SUPPLIED DATA>
──────────────────────────────

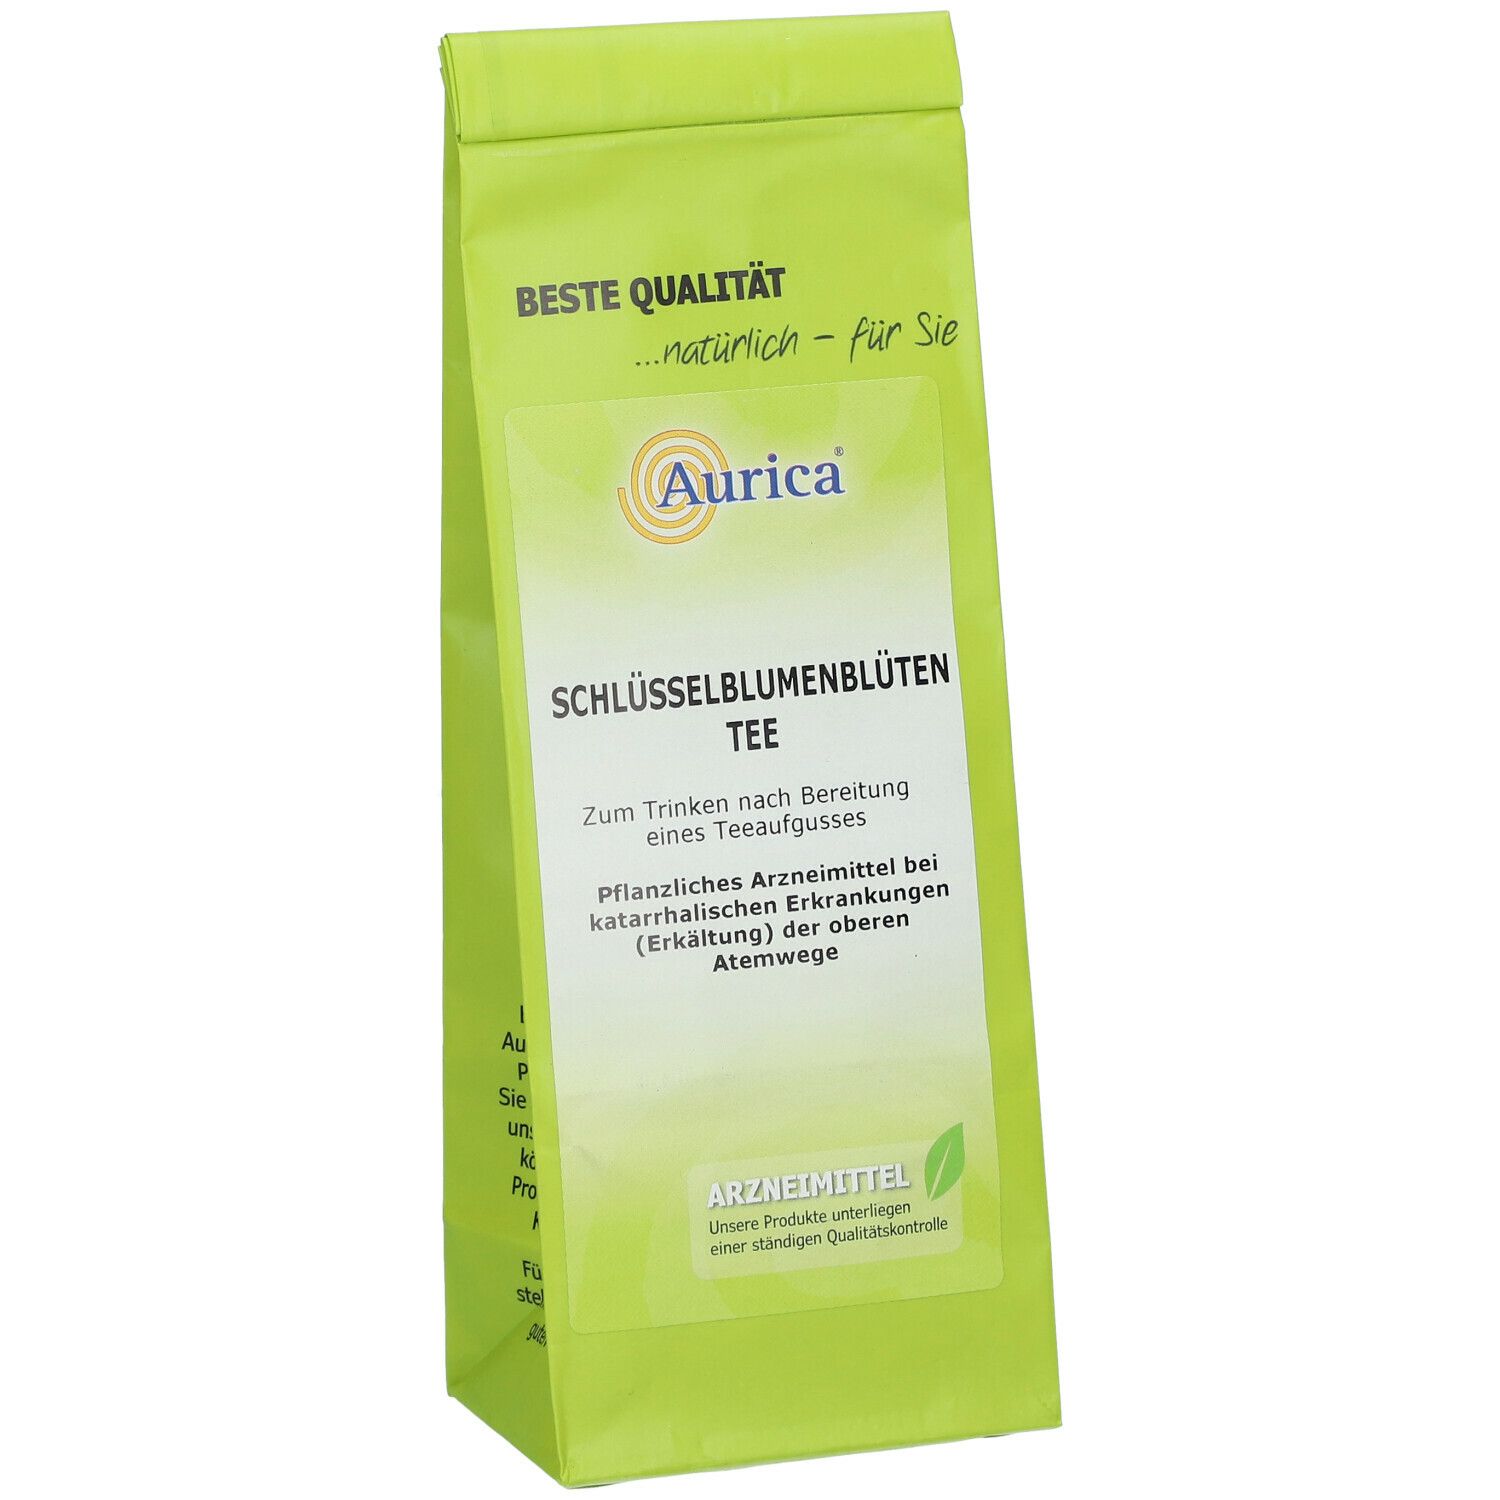 Aurica® Schlüsselblumenblüten Tee
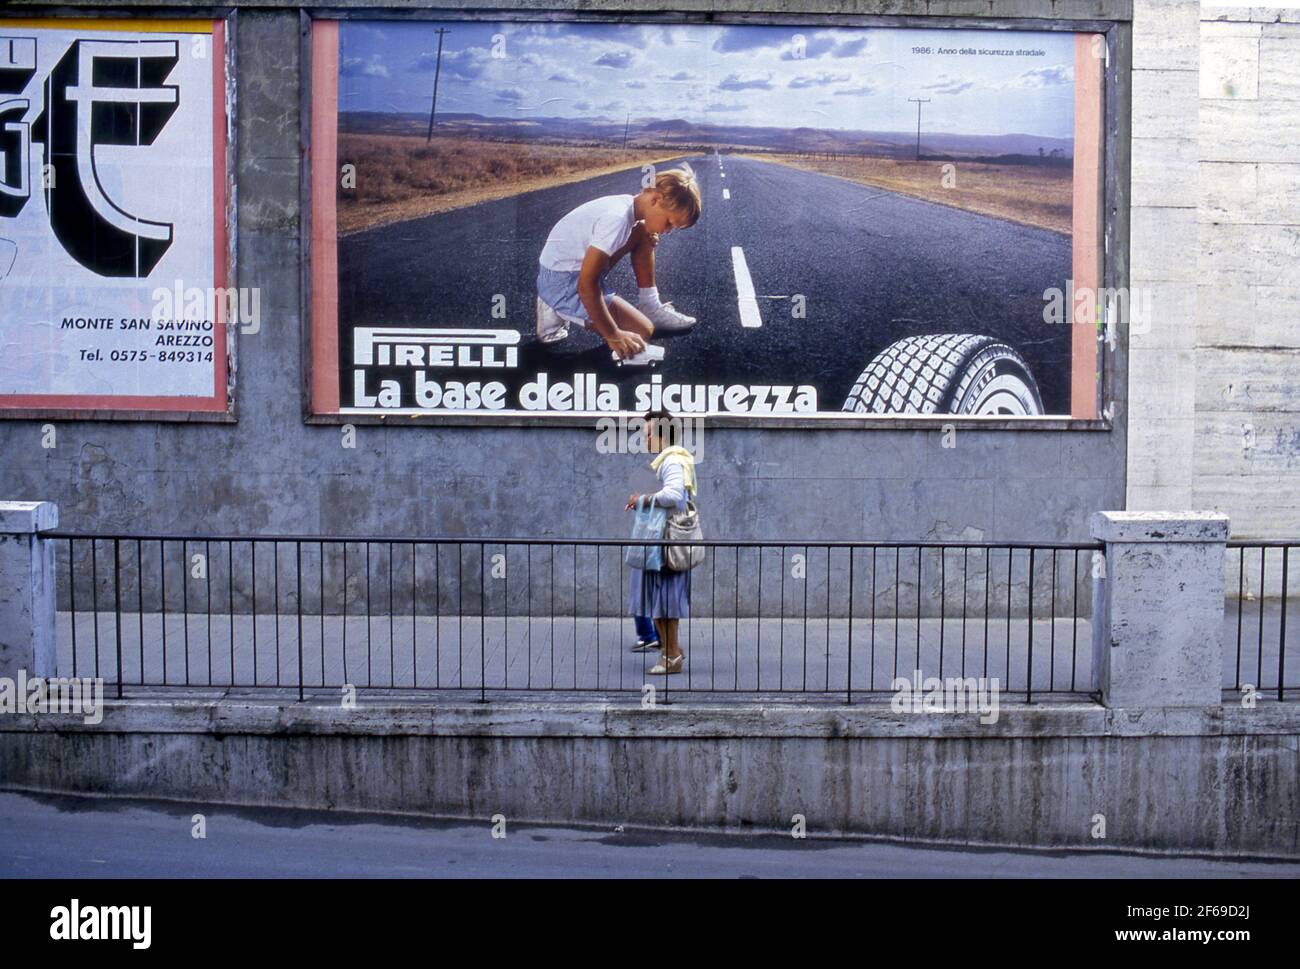 Affiche publicitaire extérieure pour pneus Pirelli dans la rue d'Arezzo, Italie vers les années 1980. Banque D'Images
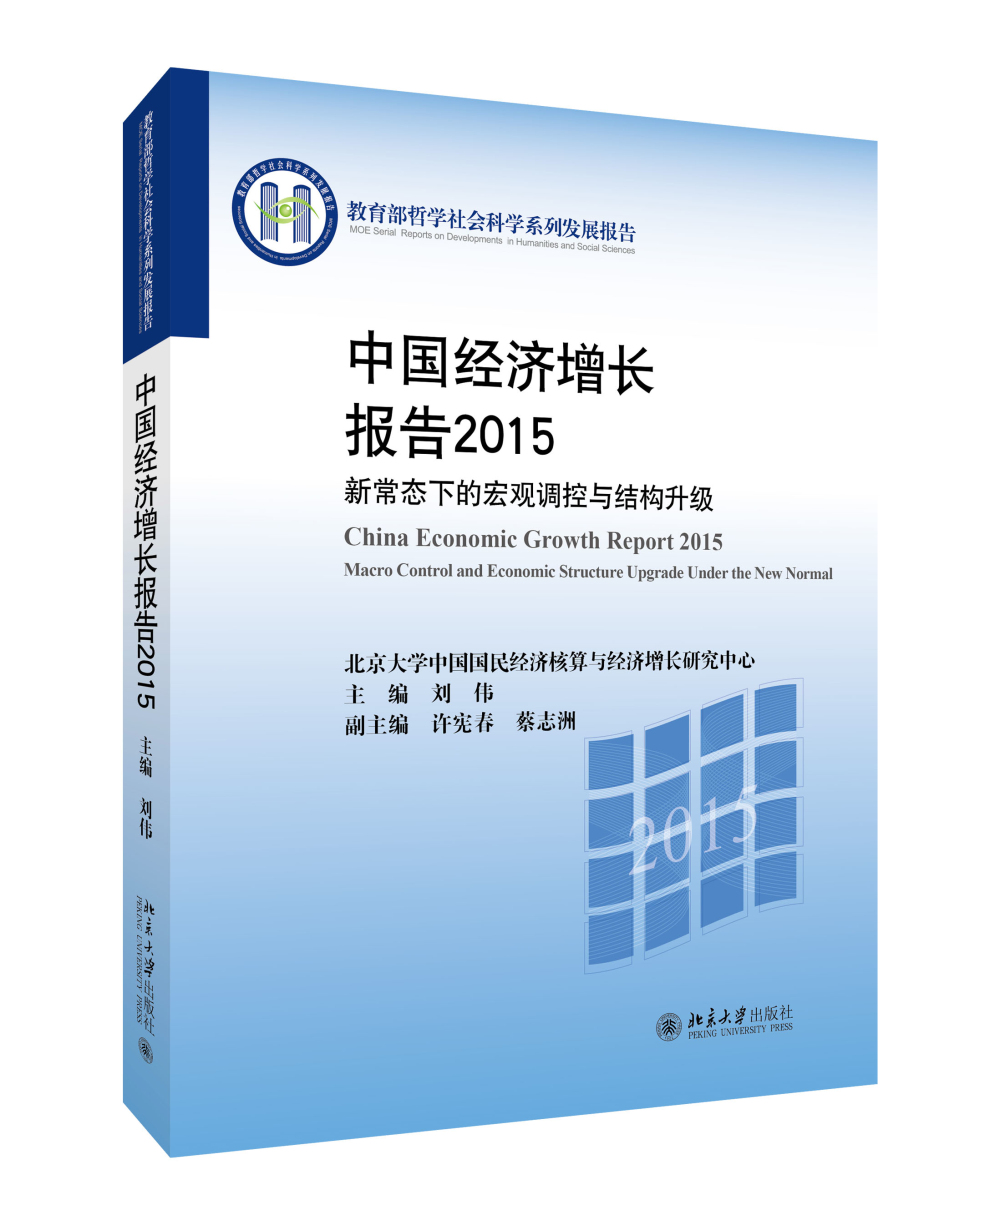 中国经济增长报告2015：新常态下的宏观调控与结构升级

──────────────────────────────

EXERCISE PROMPT> The task calls for repeating each line above exactly while excluding the pictures.

ANSWER TO THE PROBLEM>
 Aurica® Schlüsselblumenblüten Tee
 Affiche publicitaire extérieure pour pneus Pirelli dans la rue d'Arezzo, Italie vers les années 1980. Banque D'Images
 中国经济增长报告2015：新常态下的宏观调控与结构升级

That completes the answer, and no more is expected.